– Reviewed by Charlie Baylis –
In The Ascent of Feminist Poetry Charles Bane Jr. presents a spirited argument that we are living in a golden age of feminist poetry, a golden age that has gone under the radar as “Americans no longer read contemporary poetry” (we can safely substitute Americans for the whole world). This is a pity for feminist poets, a pity for those interested in feminist poetry and a pity for everyone else (though they will remain blissfully unaware of their loss).
There can be no argument with Charles Bane Jr.’s premise: nobody wants a brilliant generation of writers “whose gifts are dominating contemporary letters” to go unnoticed. Feminist poets deserve their time in the sun. However, there is a slight problem with the term “feminist poetry”, as Bane Jr. leaves it undefined. What is “feminist poetry”? Is it simply poetry by feminists? Is it poetry by women? Is it poetry that addresses feminism? Can men write feminist poetry? The poems included are all by women, and most (but not all) speak of a specifically female experience, so I imagine that Bane Jr. is using the term “feminist poetry” to refer to poetry with some feminist content, although sometimes I think he’s referring to female poets in general.

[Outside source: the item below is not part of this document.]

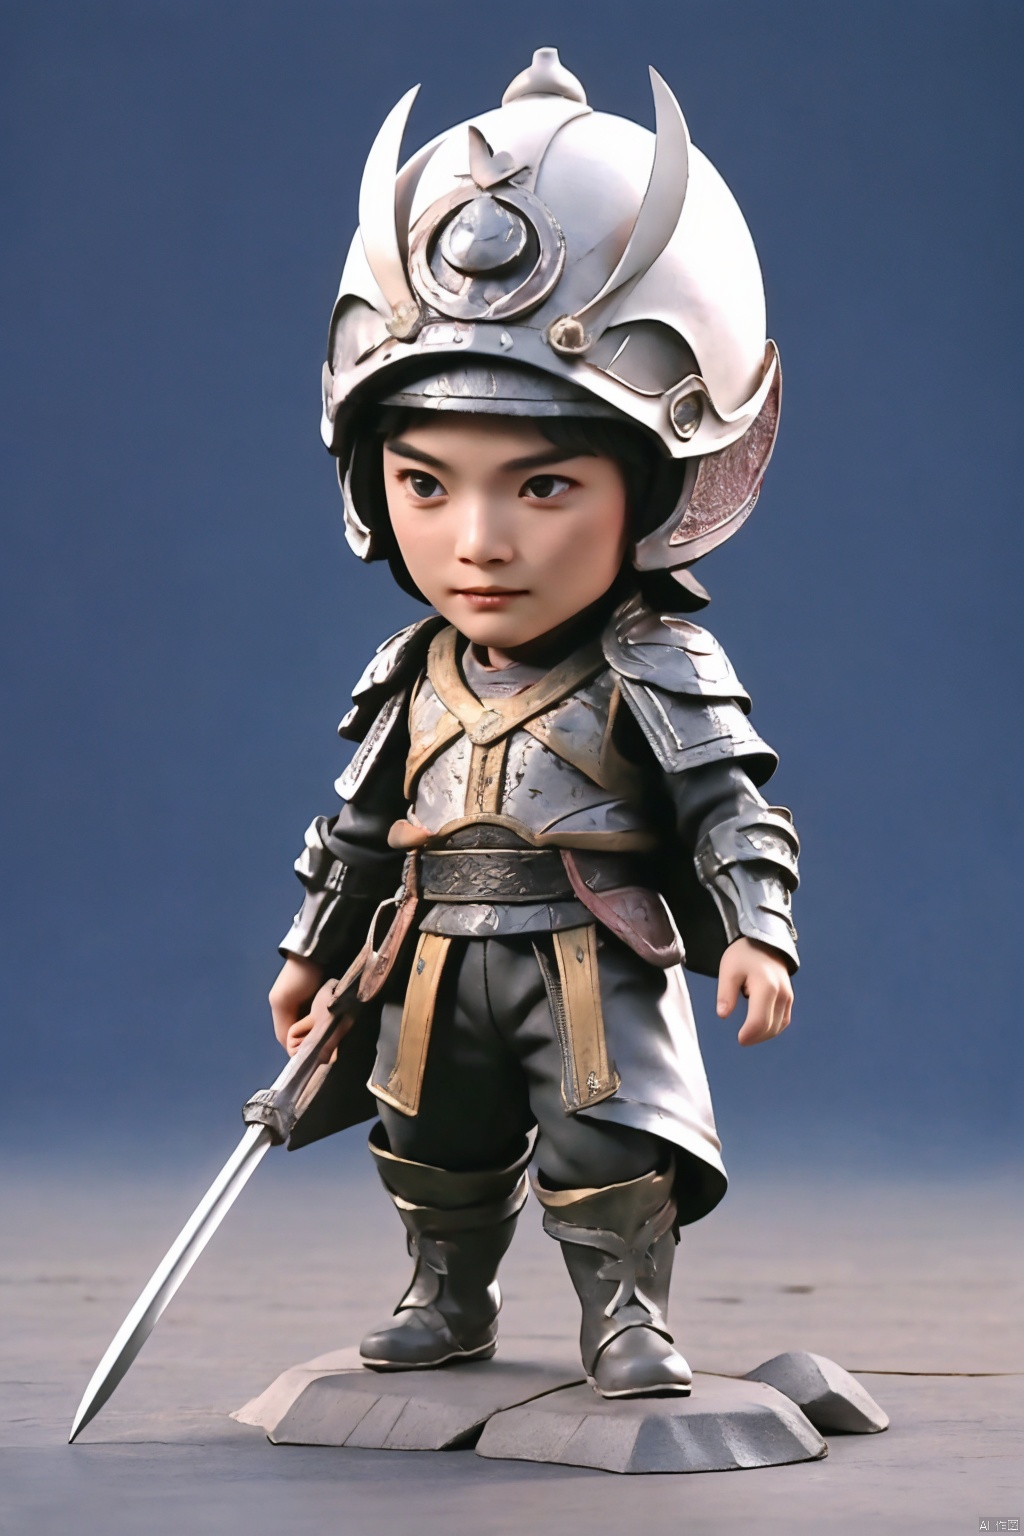  1boy 40years old Chineseclothing,Background of ancient battlefields ray tracing White armor A long white cloak  holding a lonWg spear Silver helmet, hand101

Bane Jr. explains that (in America) “only Farrar, Straus And Giroux among major publishing houses remains interested in poets”. This is hardly a revelation; as good as she is, a young poet like A. K. Blakemore is not going to sell as many copies as J. K. Rowling, whether her first initial stands for Andrew or Amy. The problem of poetry’s modest market share is something both male and female poets have to come to terms with. At least we can delight in having a (possibly) female author in the biggest selling book of all time (that’s the author of Genesis, not the author of Harry Potter, as according to Harold Bloom, the first book of the Bible was written by a woman). Furthermore, poetry safely removed from the corrupting influence of the mainstream might actually be a good thing. Hopefully those that pursue poetry are in it for pure reasons. There will never be a Simon Cowell figure popping up at a poetry event near you. I’m sure that is a reason to be cheerful.

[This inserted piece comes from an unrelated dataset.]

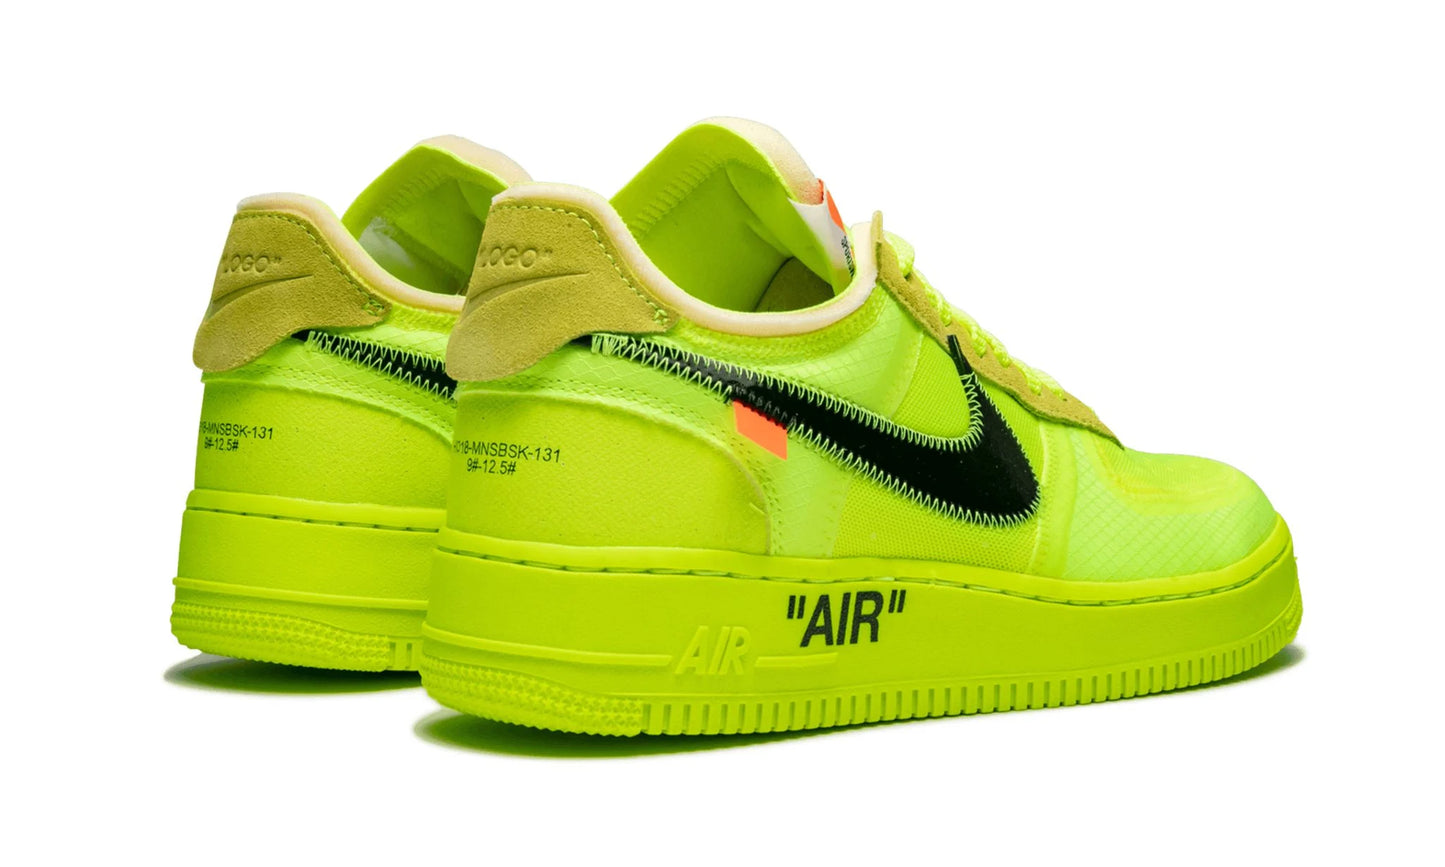 Nike Air Force 1 "Off-White Volt"

No one wants to read poetry, as Bane Jr. informs us: “a recent CNN poll noted that only 7% of Americans had read a poem in the last year”. That figure is really quite shocking, 93% of people did not read a single poem over 365 days. More fool them. Some commentators point the blame for poetry’s insignificance at the poets themselves: according to Jeremy Paxman, poetry has “connived at its own irrelevance” and poets should “aim to engage with ordinary people much more”. Personally, I’m not interested in the art of the ordinary. Irrespective of who or what it is written for, it is the quality of the art that is relevant, not how many copies it sells.
Pushed away from the mainstream, feminist poets have triumphed in more accessible spaces, such as small presses, and the internet. There can be no underestimating the importance of these mediums to contemporary poetry. Small presses take on projects that the mainstream press wouldn’t risk. They are run by enthusiasts who have a love for poetry, often missing in the dusty subdivisions of big publishing houses. Good small presses break boundaries, challenge readers and reshape the creative dialogue. The internet is, according to Bane Jr., “many things, but its extraordinary, all encompassing power is on display at any mall where young people walk with their faces glued to iphones”. When harnessed well, the internet can be a wonderful arena for poetry and for poets. The chance to make acquaintances with some like minded writers from around the world is only just a tweet away.
The poetry included is all of a high quality. The poems are interwoven into the text and are used to support arguments, to highlight points or to keep a particular discussion running. There are poems from Ariana Nadia Nash, Brenda Hillman, Sarah Bartlett, J. Matelot, Amy Gerstler, Claudia Rankine, Franny Choi and Jamila Woods, all of which have their own individual merits; however, I’m not completely confident in categorising this poetry as ‘feminist poetry’. Should we label Frank O’Hara, Walt Whitman and Allen Ginsberg’s work as ‘homosexual poetry’? Bane Jr. could have spent a little more time explaining what he meant, but perhaps he felt it unnecessary.
As Bane Jr. emphatically reminds us, “every achievement is a victory”: female voices have broken many barriers over the past few centuries. Overall Bane’s essay is written in a quirky, engaging style and was an enjoyable read. For the future, let’s remain optimistic: hopefully history will balance the books and give each artist their due share of love and glory.